## Information shown
*** Block opens ***
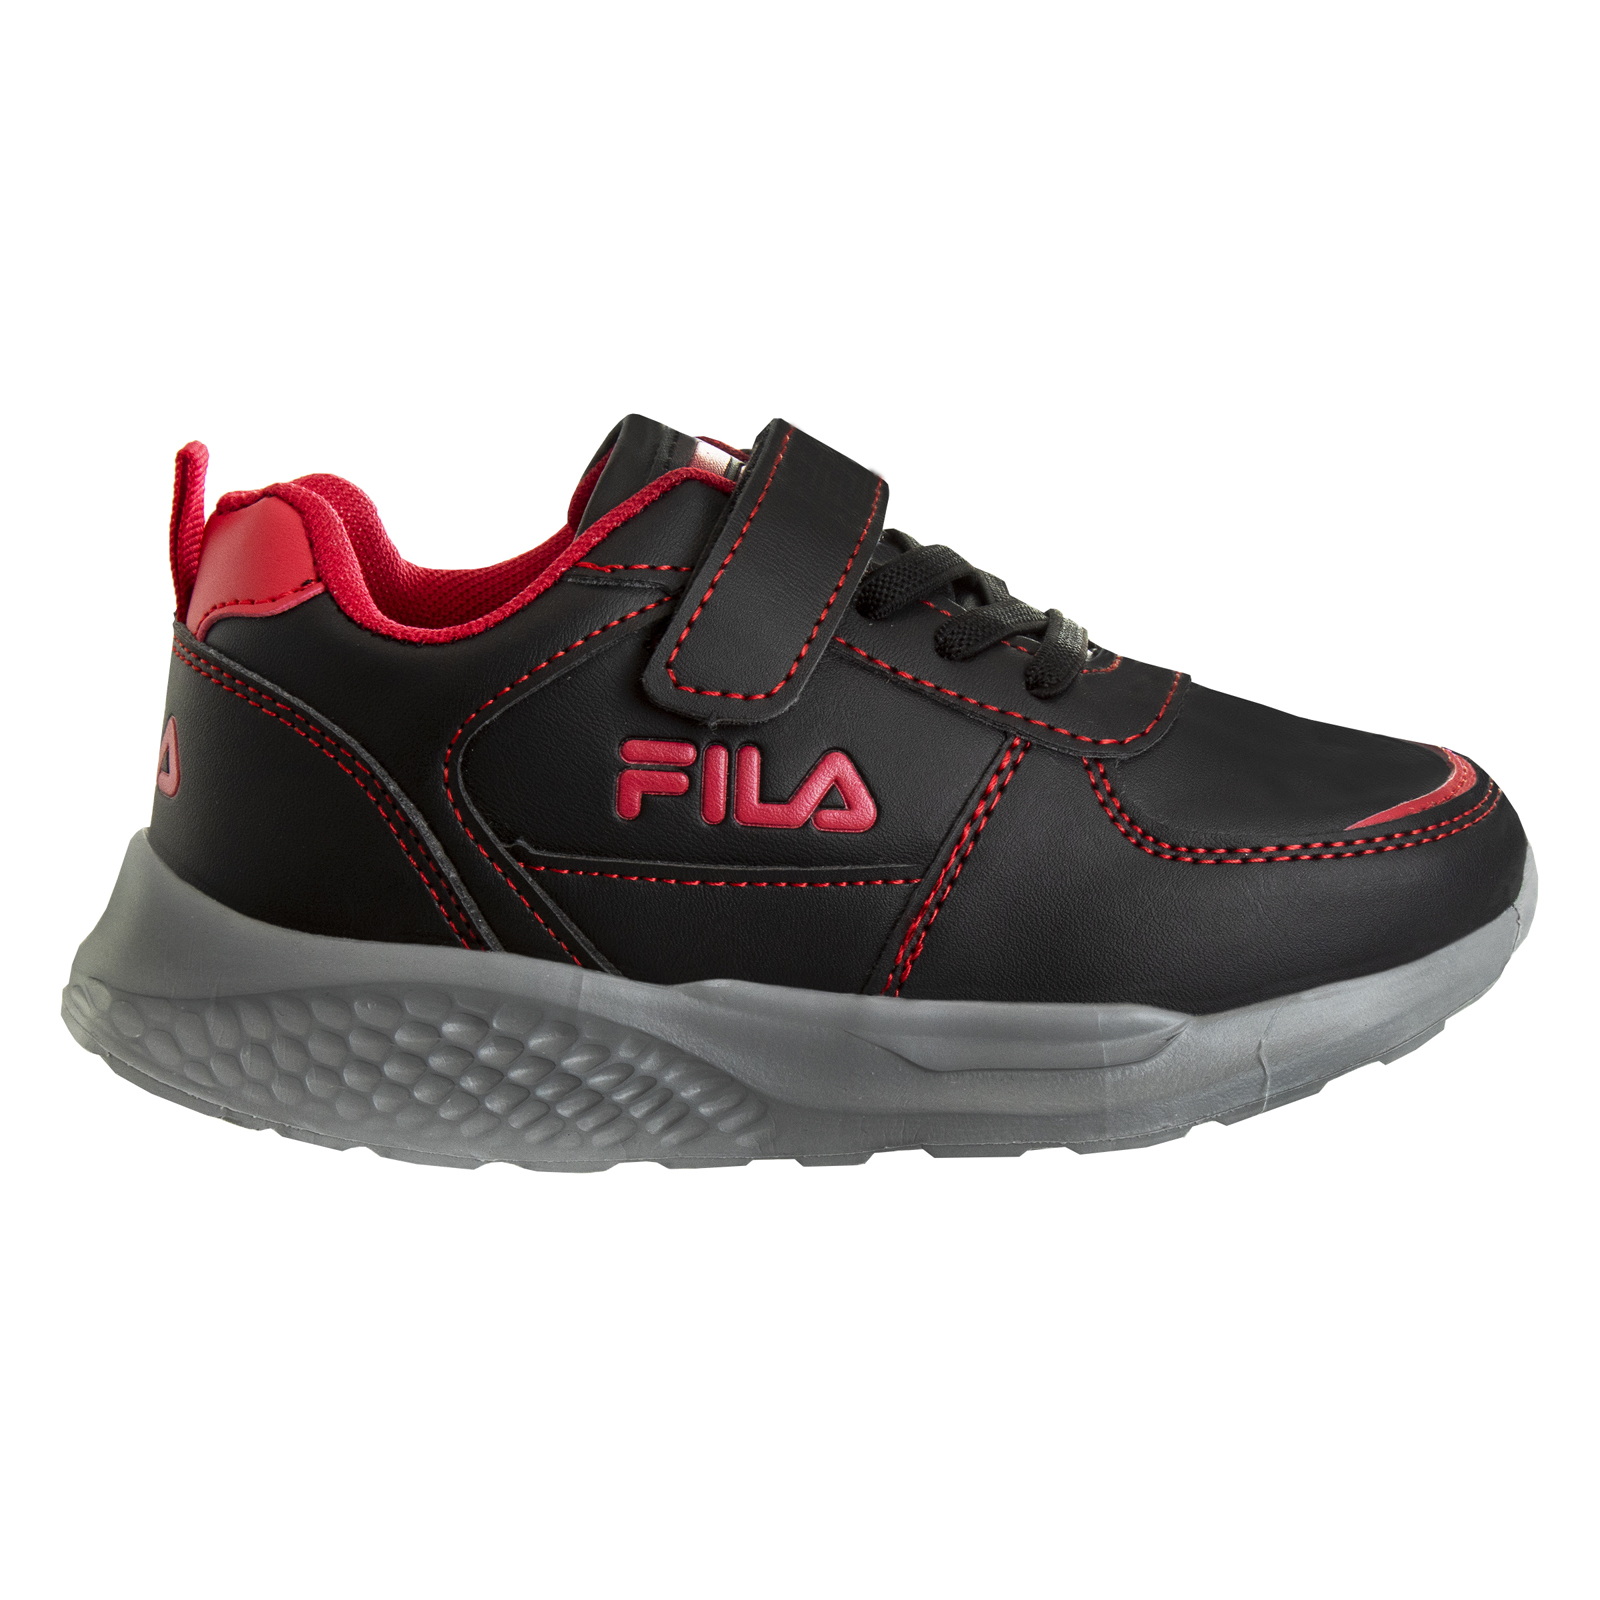 Fila - COMFORT SHINE 2 FOOTWEAR - BLACK RED TRUE
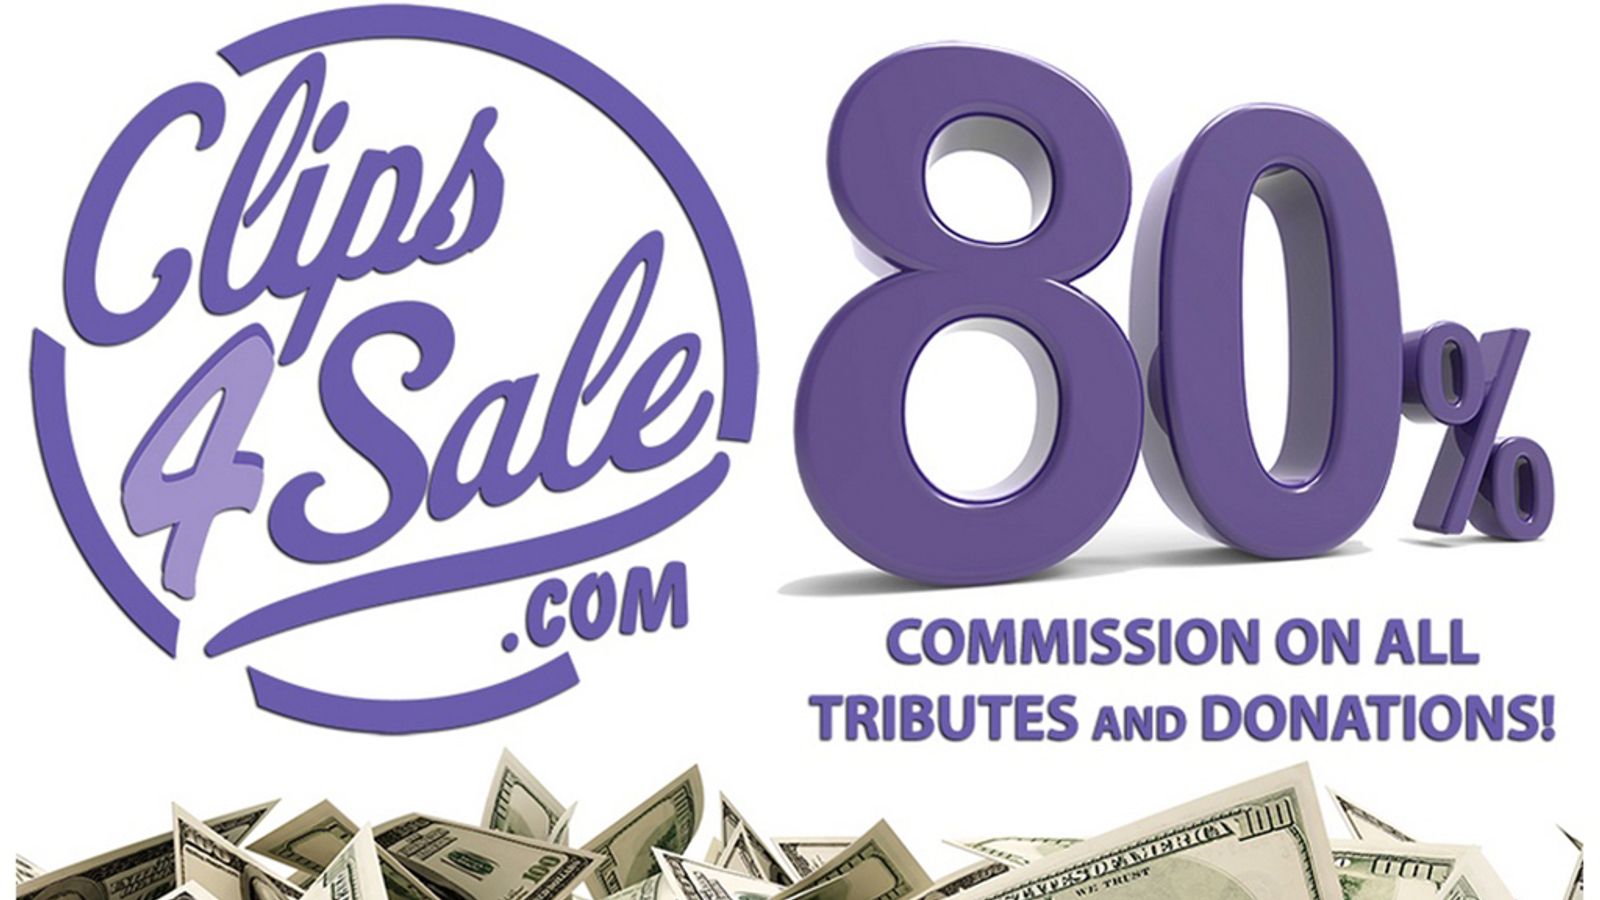 Clips4Sale Raises Commission for Tributes & Donations
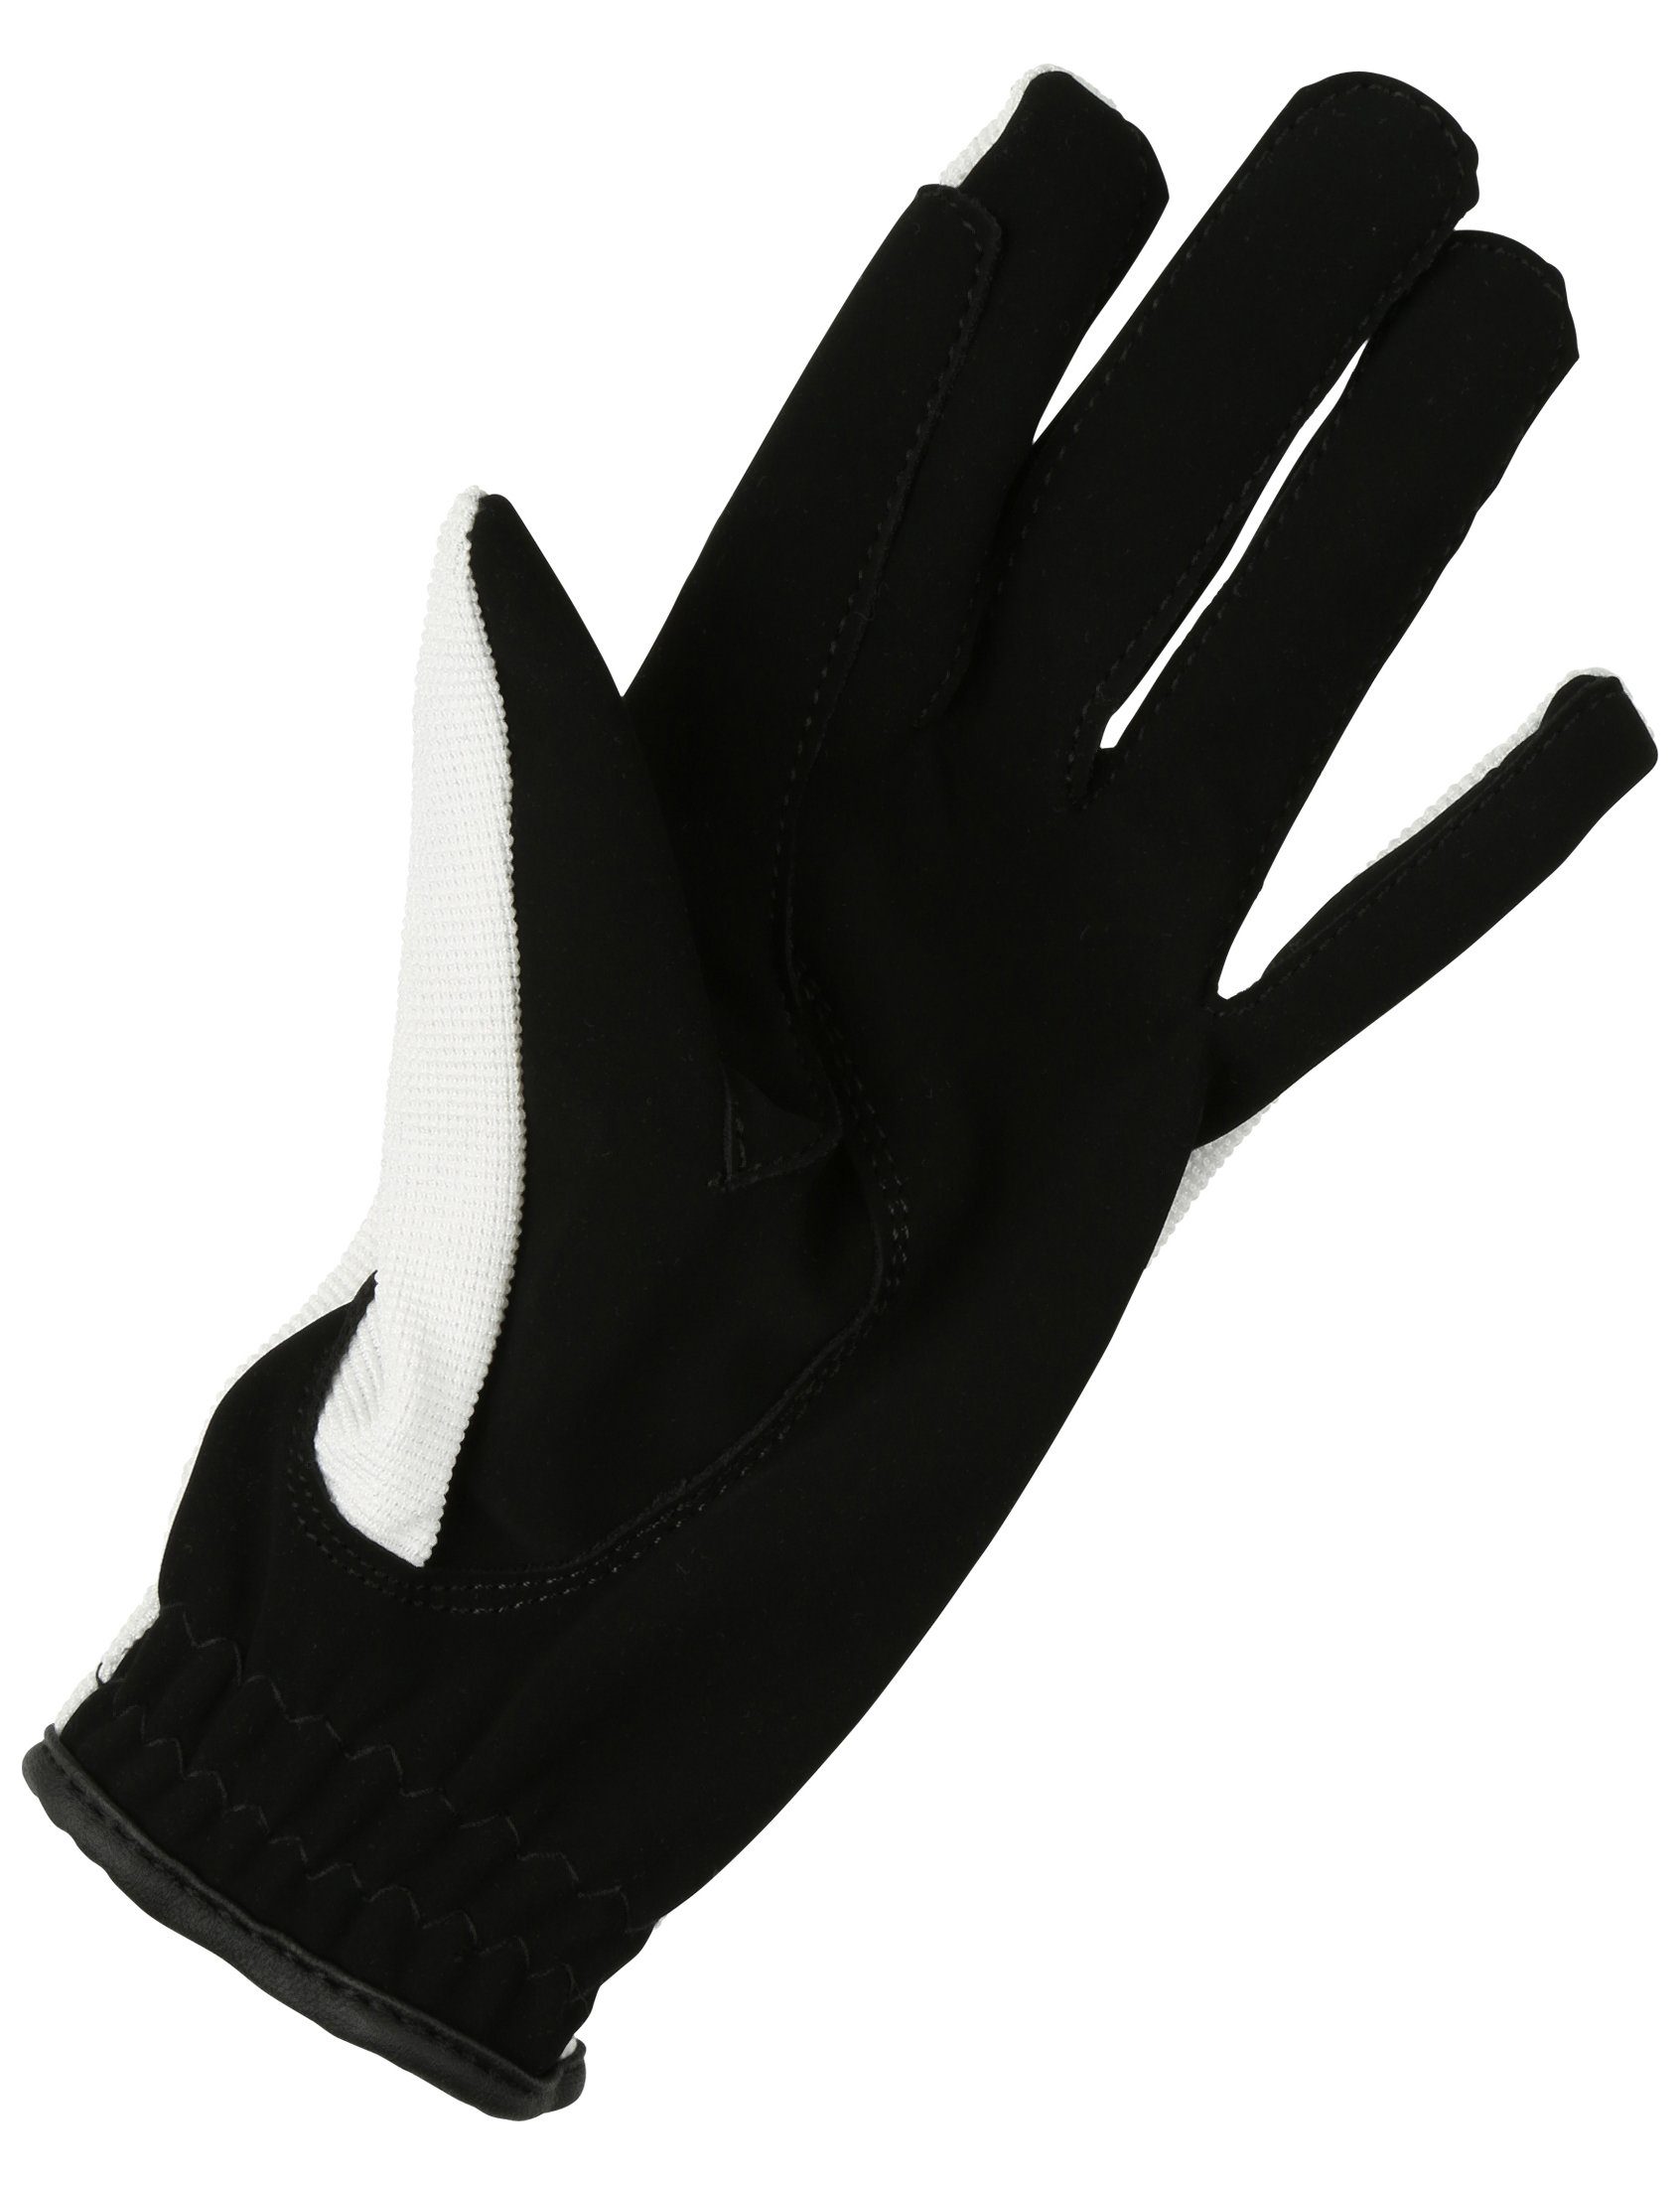 Fleecehandschuhe material REIT is Gloves Zoomyo the Schwarz/Weiß Handschuhe Damen thin pleasantly
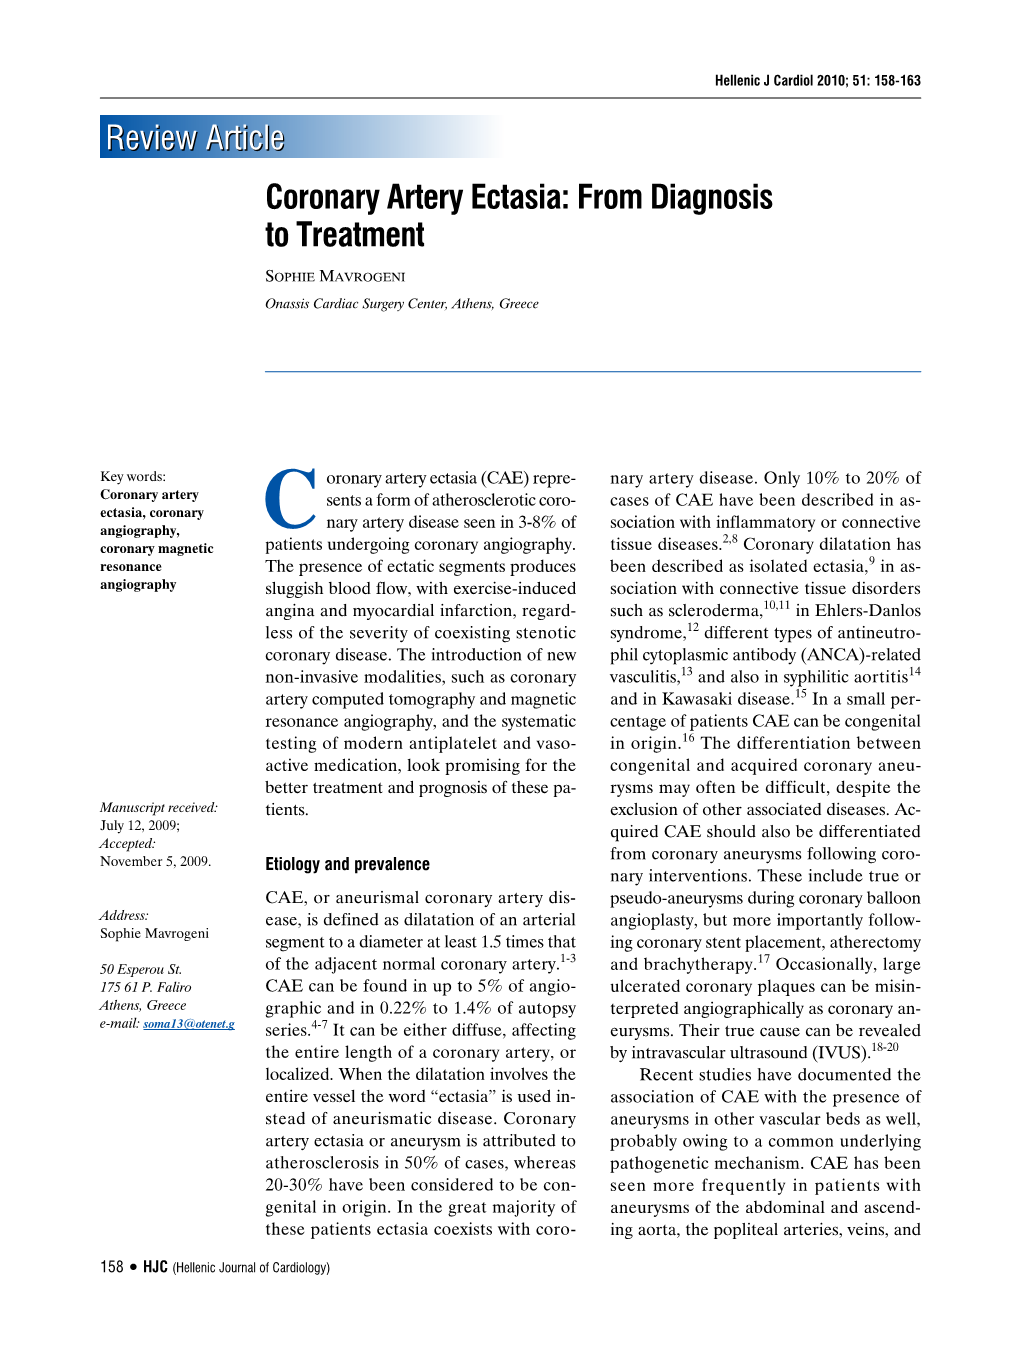 Coronary Artery Ectasia: from Diagnosis to Treatment
*** Block closes ***
## Exercise requirements
Omit the pictures and write out exactly the lines from the one containing "Fleecehandschuhe material REIT" through the last line of the material.

## Exercise answer
 Fleecehandschuhe material REIT is Gloves Zoomyo the Schwarz/Weiß Handschuhe Damen thin pleasantly
 Coronary Artery Ectasia: from Diagnosis to Treatment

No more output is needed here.